Starting at the first line of the data below, write out each line exactly until you reach the line containing "Boney M. The", and include that line too.

(Information provided)

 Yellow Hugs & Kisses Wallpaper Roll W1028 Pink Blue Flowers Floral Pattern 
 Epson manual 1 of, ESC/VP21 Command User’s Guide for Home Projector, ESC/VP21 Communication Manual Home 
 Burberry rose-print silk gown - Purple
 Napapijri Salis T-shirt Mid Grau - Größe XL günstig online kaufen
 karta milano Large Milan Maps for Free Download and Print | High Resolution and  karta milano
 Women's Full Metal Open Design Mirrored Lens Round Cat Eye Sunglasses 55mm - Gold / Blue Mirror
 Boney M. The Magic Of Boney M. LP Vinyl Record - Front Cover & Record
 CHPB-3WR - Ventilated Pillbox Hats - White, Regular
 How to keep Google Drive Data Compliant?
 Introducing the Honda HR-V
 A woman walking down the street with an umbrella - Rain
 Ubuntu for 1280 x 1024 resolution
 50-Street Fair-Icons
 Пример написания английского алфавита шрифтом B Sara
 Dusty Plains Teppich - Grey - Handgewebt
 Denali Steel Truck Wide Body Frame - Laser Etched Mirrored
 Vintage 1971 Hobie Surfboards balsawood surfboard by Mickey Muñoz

(End Information provided)

Finished task:
 Yellow Hugs & Kisses Wallpaper Roll W1028 Pink Blue Flowers Floral Pattern 
 Epson manual 1 of, ESC/VP21 Command User’s Guide for Home Projector, ESC/VP21 Communication Manual Home 
 Burberry rose-print silk gown - Purple
 Napapijri Salis T-shirt Mid Grau - Größe XL günstig online kaufen
 karta milano Large Milan Maps for Free Download and Print | High Resolution and  karta milano
 Women's Full Metal Open Design Mirrored Lens Round Cat Eye Sunglasses 55mm - Gold / Blue Mirror
 Boney M. The Magic Of Boney M. LP Vinyl Record - Front Cover & Record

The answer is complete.